A little background is probably in order here:
Since I started this thread, I tried some more analysis and was unable to find any problem with the /home partition, so I have to assume that it was a bad install of some sort.
After some thought I removed the 20Gb drive then reinstalled OS 11.0 on the 120Gb drive alone, reformatting it with the default configuration.
This got as far as the runlevel 3 login, the problem now turned out to be the NVidia proprietary driver! >:(
After reverting to the OSS driver I was able to boot Xen fine, only to find out that my CPU was too old to run “full virtualization” (Athlon 1700+) and that this is required to run a Windows OS.
Since my intent is to use the virtual OS to run the few Windows apps that won’t run under either Wine or Mono (Quickbooks Pro being the nastiest example so far) I am reverting to VMware - which DOES work fine with Windows on this machine although it is awkward.
My plan is to migrate the legacy Windows stuff to my oldest hardware while I get the newer 64 bit machines going with Linux/OS equivalents.
Our evaluation is that GNUCash will do everything that we have Quickbooks doing for example, but you don’t just dump an accounting package without a LOT of testing.
Trouble is I can’t afford to shut down my business while I do all that!

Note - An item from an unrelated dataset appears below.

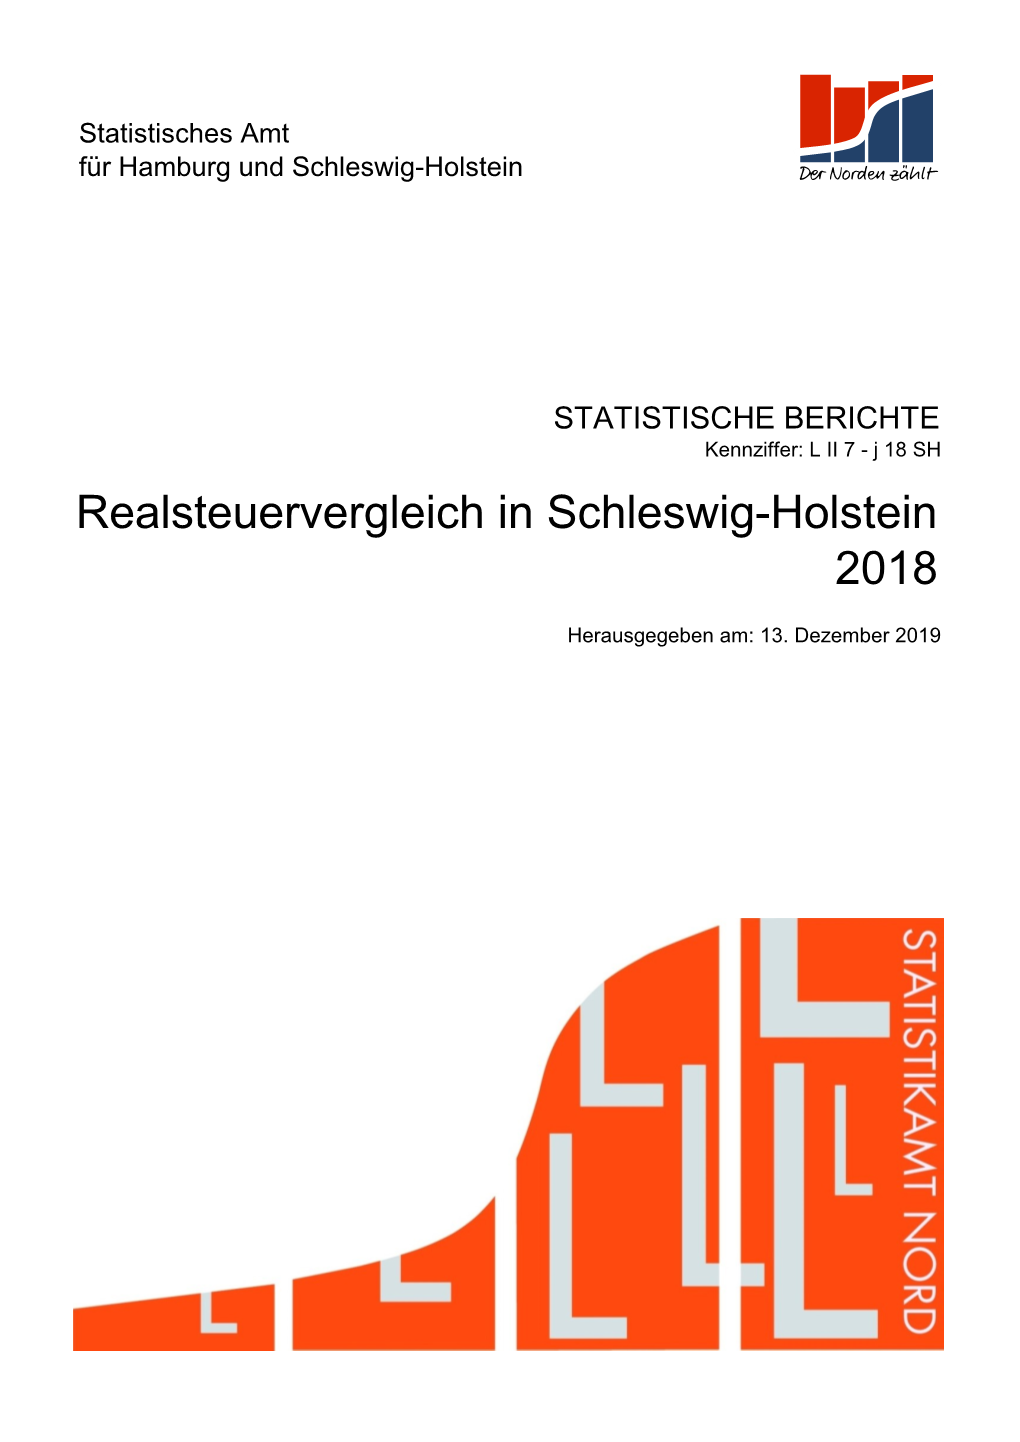 2018 Realsteuervergleich in Schleswig-Holstein
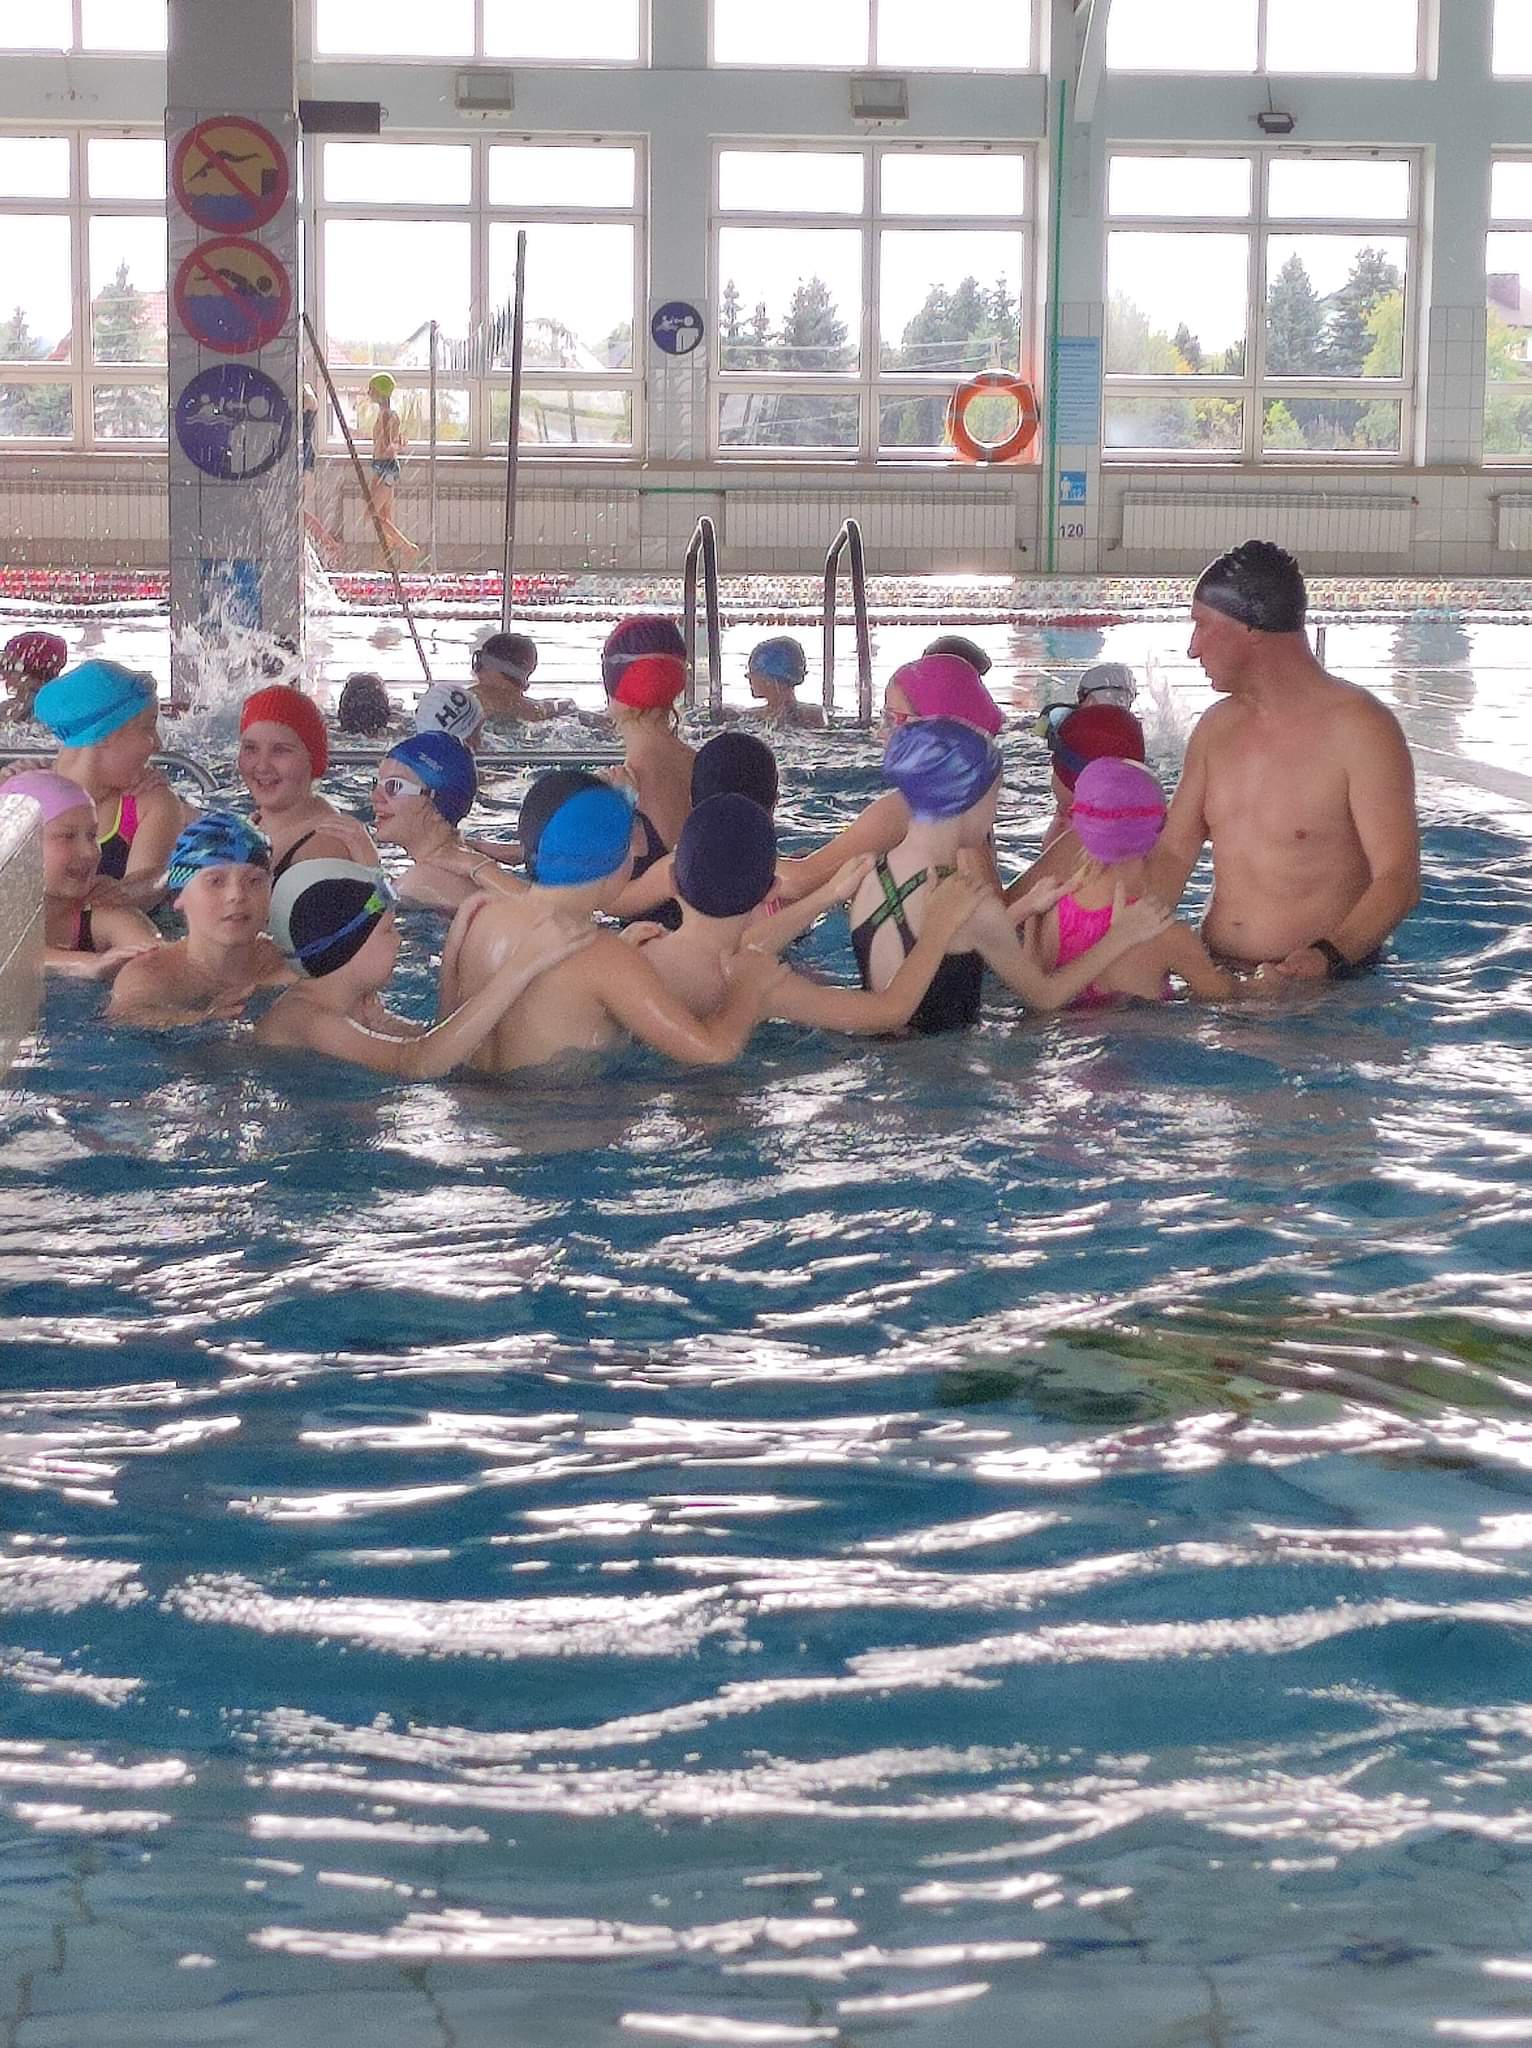 zdjęcie przedstawia grupkę dzieci w wieku szkolnym wraz z instruktorem pływania

We also run some specialized Financial apps which are written by really bad programmers who know the finance end very well, so likely I iwll never manage to migrate completely.
This also means that the time I spend getting things to work depends on other priorities, sometimes the Linus stuff sits for weeks this week I have manged four straight days of working on it and made great progress.
It looks like the set up from The Perfect Desktop - OpenSUSE 11 (GNOME) | HowtoForge - Linux Howtos and Tutorials will do what I need, once I manage to get everything installed properly.
THEN I just need to pull the plug on the present WinXP system and start the migration for real.
Ironically the last machine to migrate will likely be the new Vista HP/AMD Quad machine that is giving everyone fits and started this whole migration project.
Part of the problem with it is that it needs stuff that will only run under Win 95(!!) - it won’t even run under “compatibility mode” in Vista.
Anyway thanks again for the help and hopefully I will be able to return the favor to others in the near future.
I am already planning on writing a migration guide of some sort since I am sure that we are not the only people having these problems.